◆ EXERCISE INSTRUCTIONS:
Except for images, print the whole listing verbatim.

◆ RAW DATA:
- Opening Delimiter -
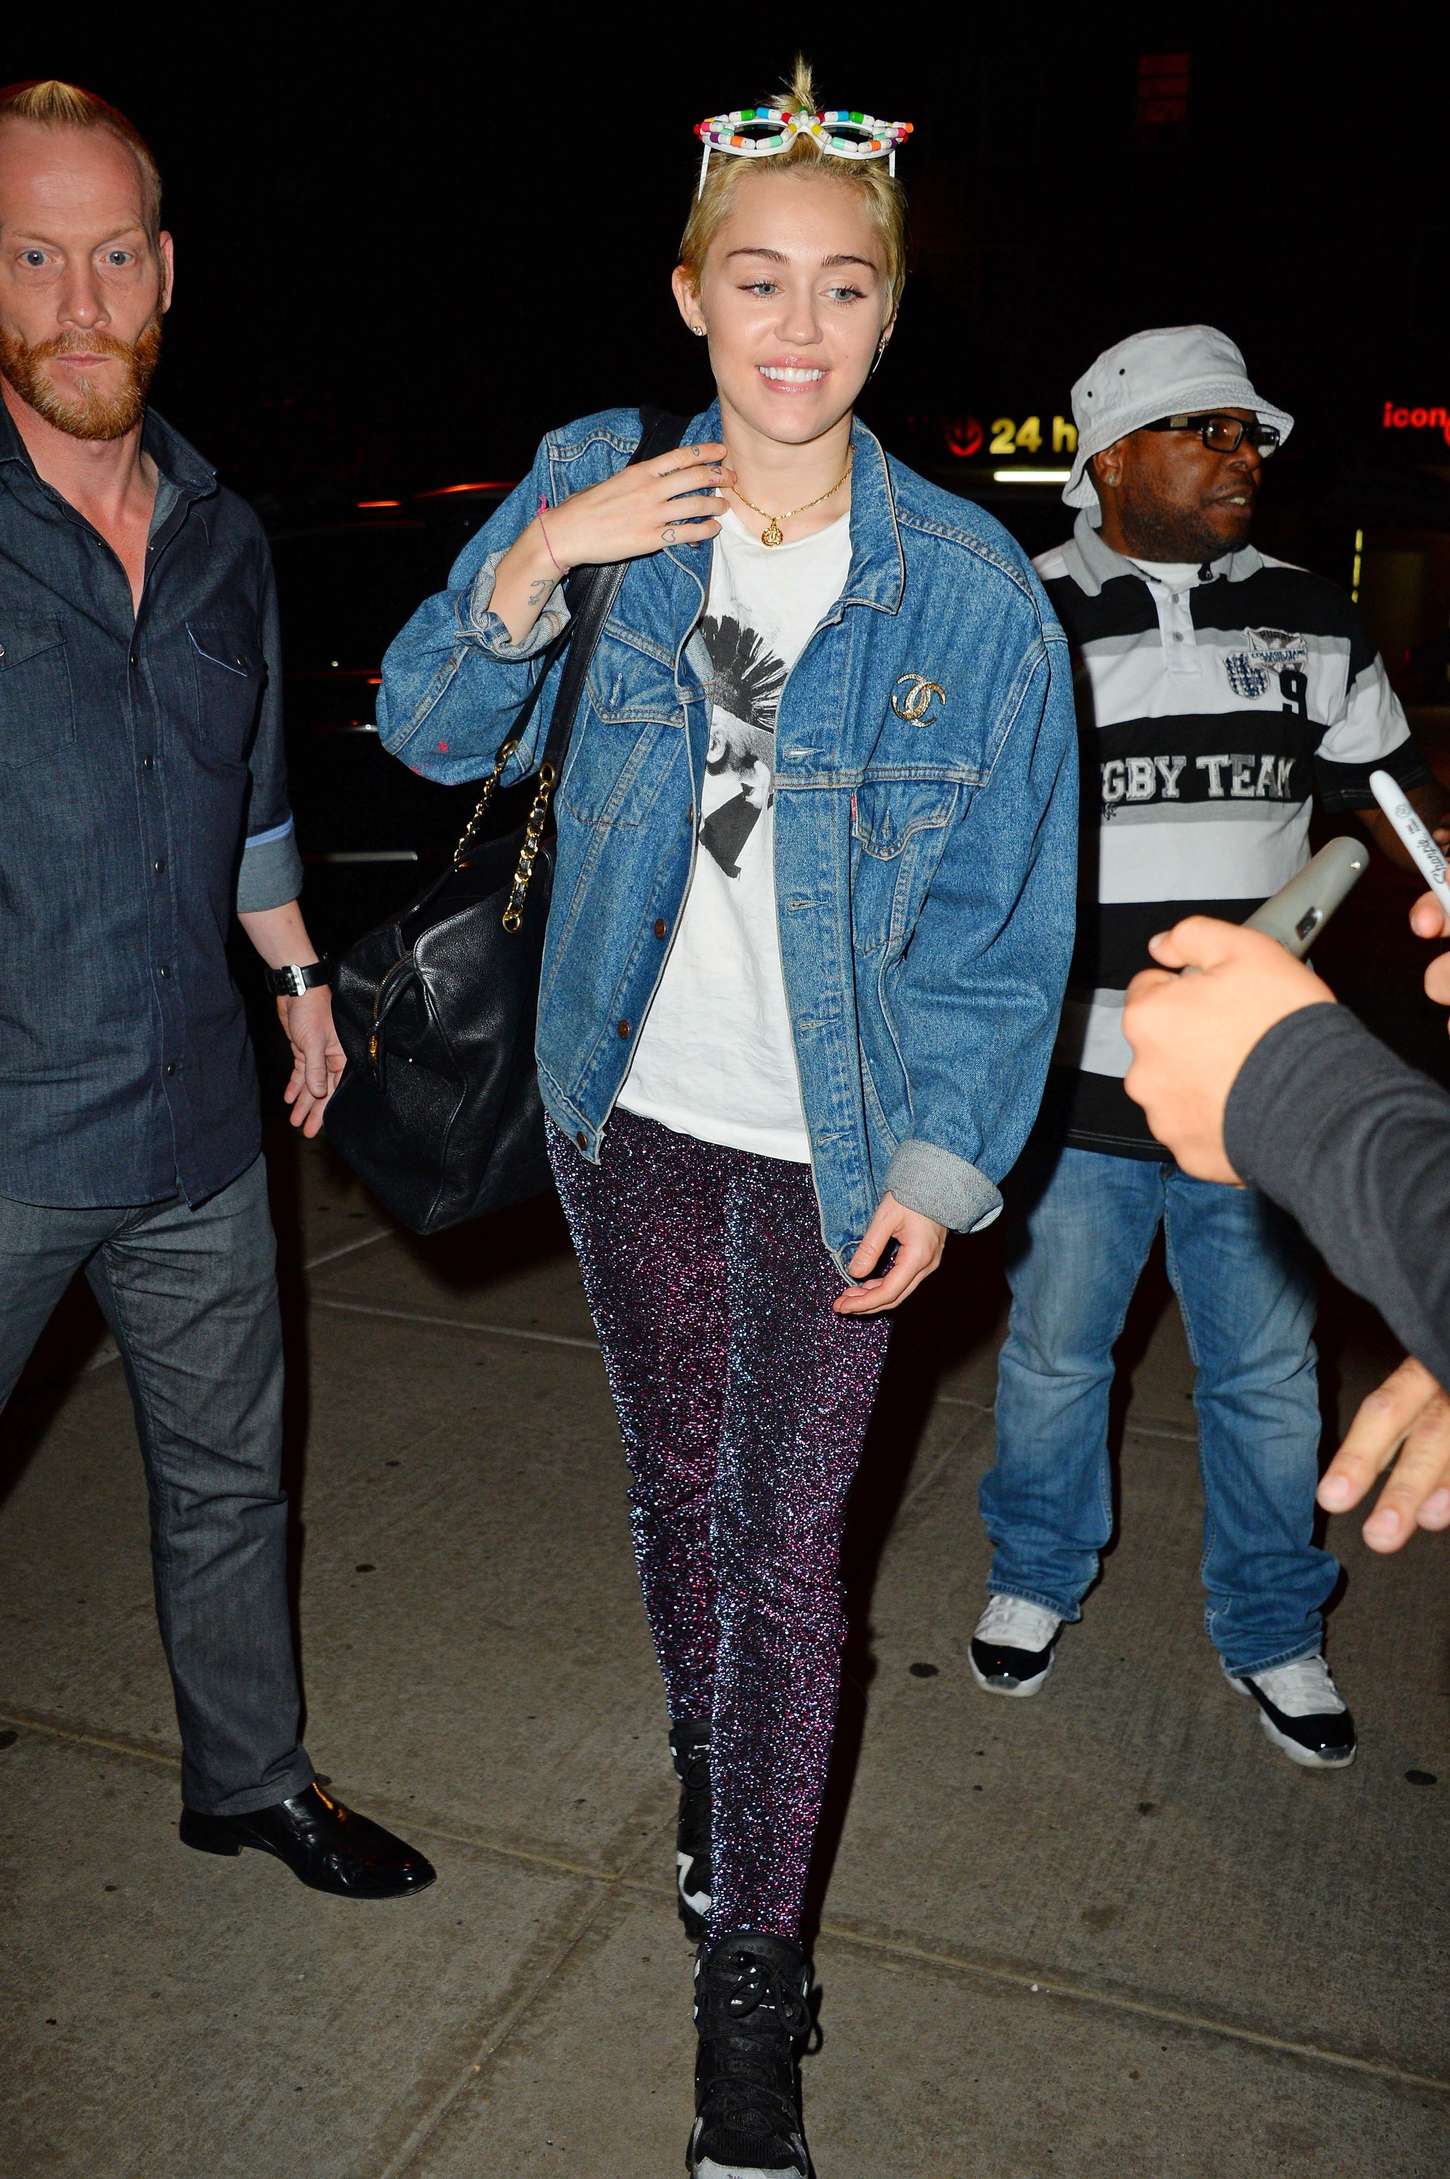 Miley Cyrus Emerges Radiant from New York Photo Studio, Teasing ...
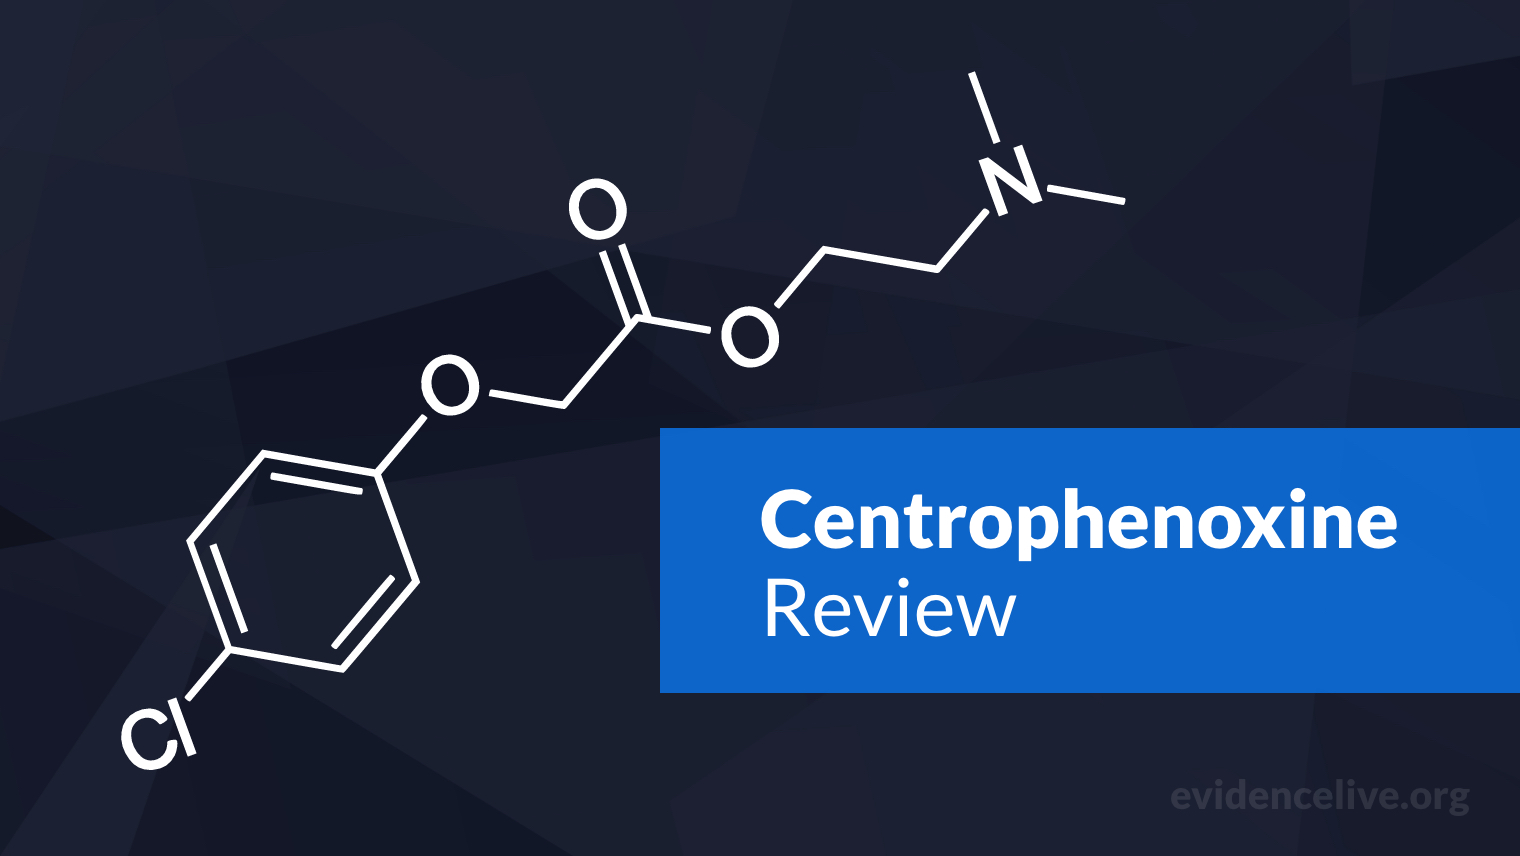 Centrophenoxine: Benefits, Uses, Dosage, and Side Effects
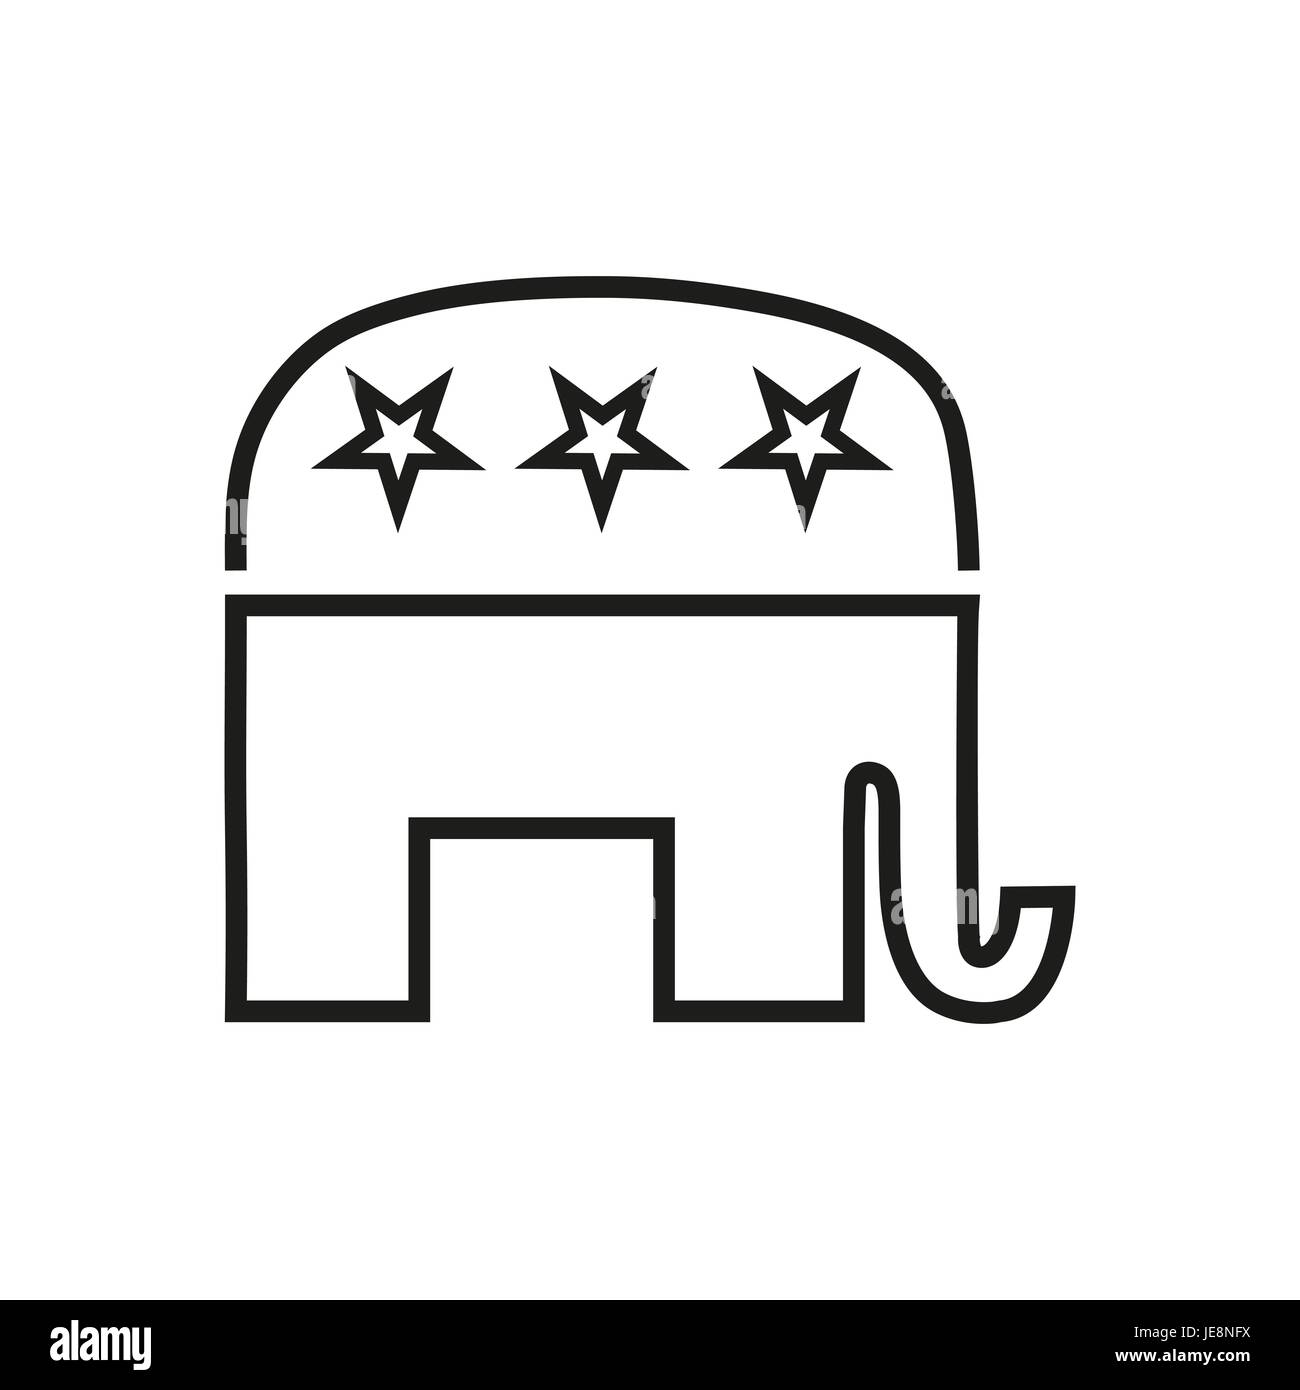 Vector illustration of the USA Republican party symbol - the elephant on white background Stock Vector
- Closing Delimiter -
◆ YOUR RESPONSE:
 Miley Cyrus Emerges Radiant from New York Photo Studio, Teasing ...
 Centrophenoxine: Benefits, Uses, Dosage, and Side Effects
 Vector illustration of the USA Republican party symbol - the elephant on white background Stock Vector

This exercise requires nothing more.